No More Switching Between Tools!

Imagine you have done some data analysis in a Notebook and want to make a quick but impressive visualization of your results with nice Power BI reports. With a little magic from the Python powerbiclient package, you are now able to do it without having to leave a Notebook environment ever. Here is all you need to know: This feature is in preview, meaning it is still under development and may change before the general availability release.

How to create a notebook?

The best way to open a notebook is from the Lakehouse. However, you can also open it from your workspace and choose the Lakehouse:

  1. Go to the left pane and select “Workspace.”
  2. Choose your workspace.
  3. In the top left, click “New,” then “More.”
  4. Under “Data Engineering,” select “Notebooks.”

From Lakehouse:

  1. Go to the left pane and select “Workspace.”
  2. Choose your workspace.
  3. Select “Lakehouse Explorer.”
  4. In the top menu, click “Open Notebook.”
  5. Open a new or existing notebook.

What you need to know before we start working on the Pyspark code: At the moment, this feature is in preview — meaning it’s still under development and will almost certainly undergo changes before it hits the streets.
You will work with the Fabric notebooks, which run using Spark runtime version 3.4. The beauty is that there is nothing more to set up!
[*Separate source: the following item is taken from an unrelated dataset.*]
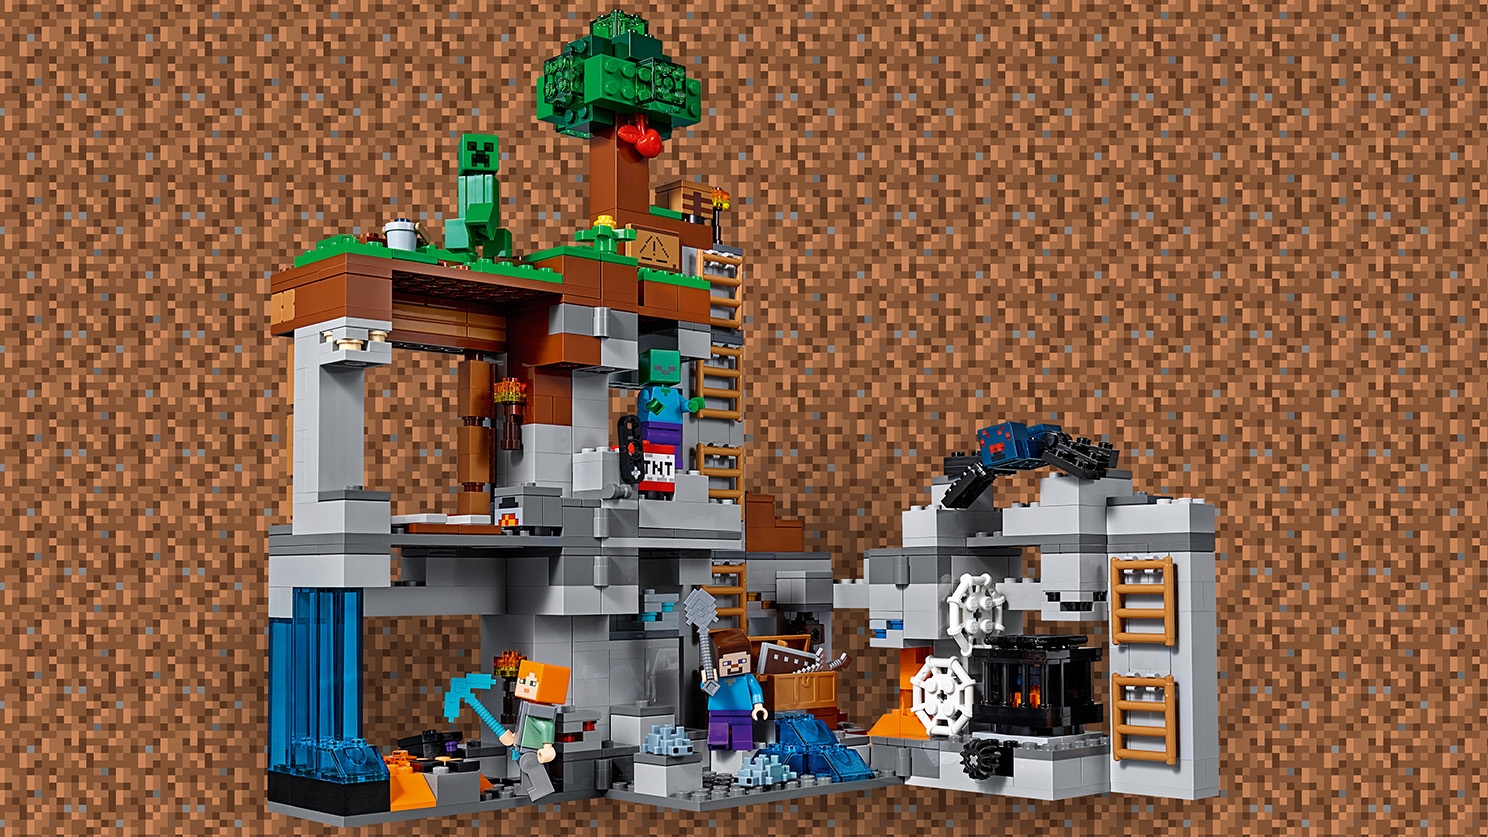 ベッドロックの冒険 21147 - レゴ®マインクラフト - LEGO.comキッズ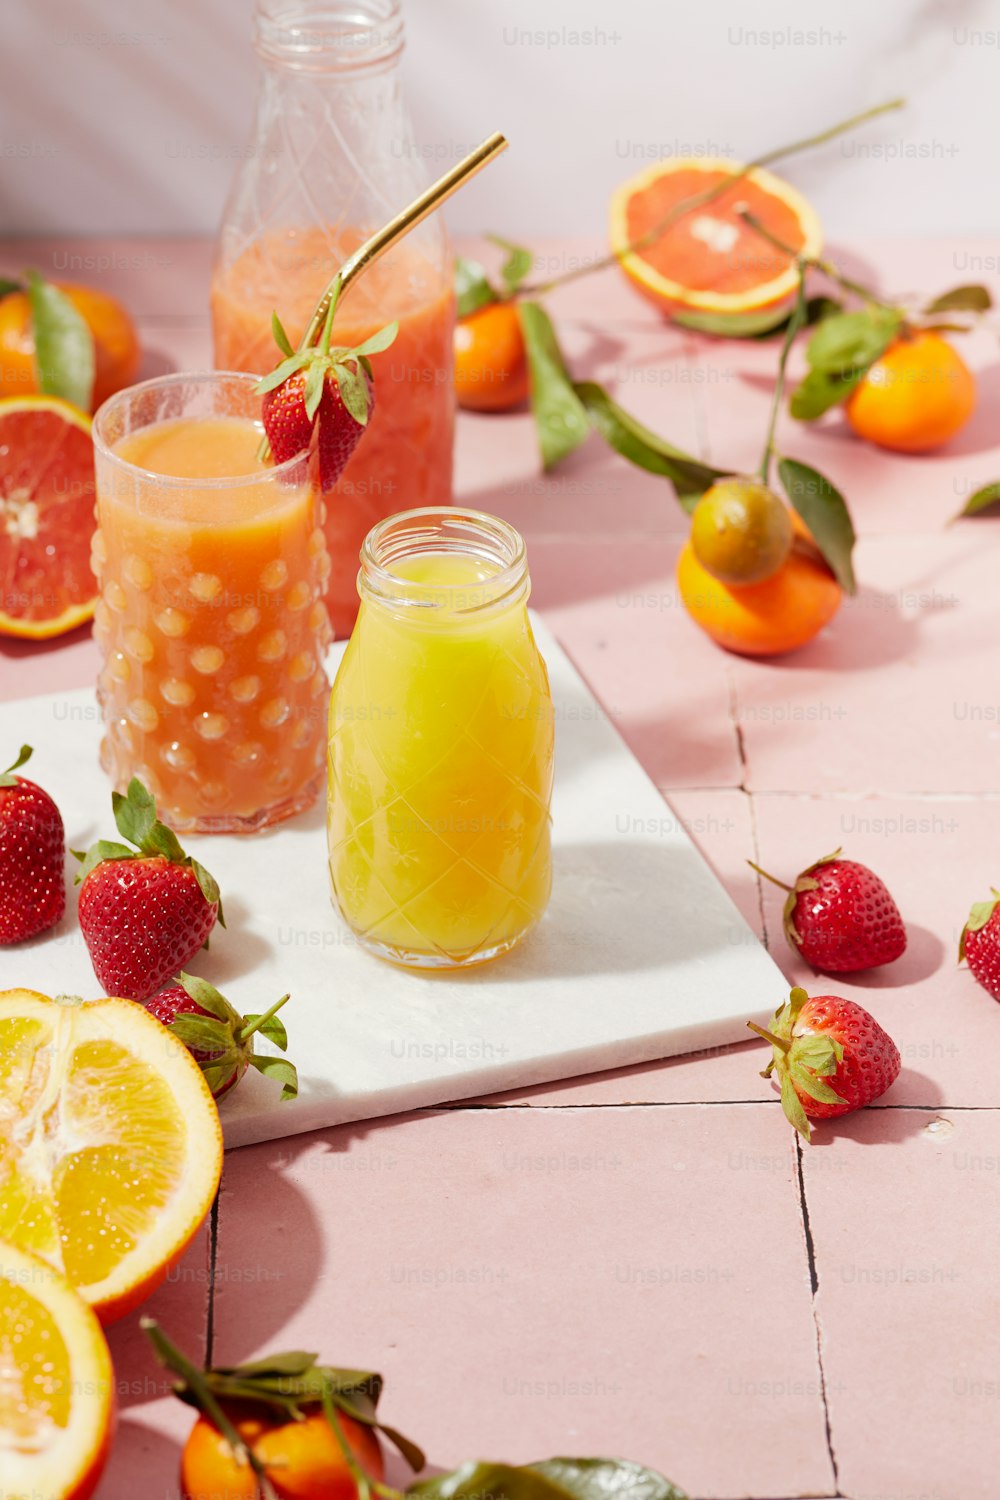 オレンジ、イチゴ、液体の瓶をトッピングしたテーブル

Just import powerbiclient; you’re all set.

I have selected a lake in my notebook. I will use a table from this lake at a later point in time.

To work with the first set of instructions to display a Power BI report, I need the workspace ID and report ID.

The workspace ID is visible in the current notebook URL as well, just after “groups/”.

For the report ID, I will open the report and get it from the report URL. It appears after “reports/”.

Now that I have both the workspace ID and report ID, it’s time to open the Power BI report in the Fabric notebook using PySpark.

Let us start with the code

from powerbiclient import Report

report_id="report_id"
report = Report(group_id="workspace_id", report_id=report_id)

report

Step 1: Import the Required Library

First, you’ll need to import the Report class from the powerbiclient library.

Step 2: Define Your Report ID

Next, assign the ID of your Power BI report to the report_id variable. This ID is crucial for embedding the report.

Step 3: Create the Report Object

Using the Report class, create a report object. If your report is not associated with any group, set group_id to None.

Step 4: Render the Report

Finally, simply invoke the report object to render the report directly in your notebook.

This will display a Power BI report in the notebook with all filters and slicers, creating a dynamic report displayed within the notebook.

Now we would like to visualize data from a Lakehouse table using a Spark DataFrame. We will use PySpark code for that

# Create a spark dataframe from a Lakehouse parquet table
sdf = spark.sql("SELECT * FROM Lake02.retaildata_fabric limit 10000")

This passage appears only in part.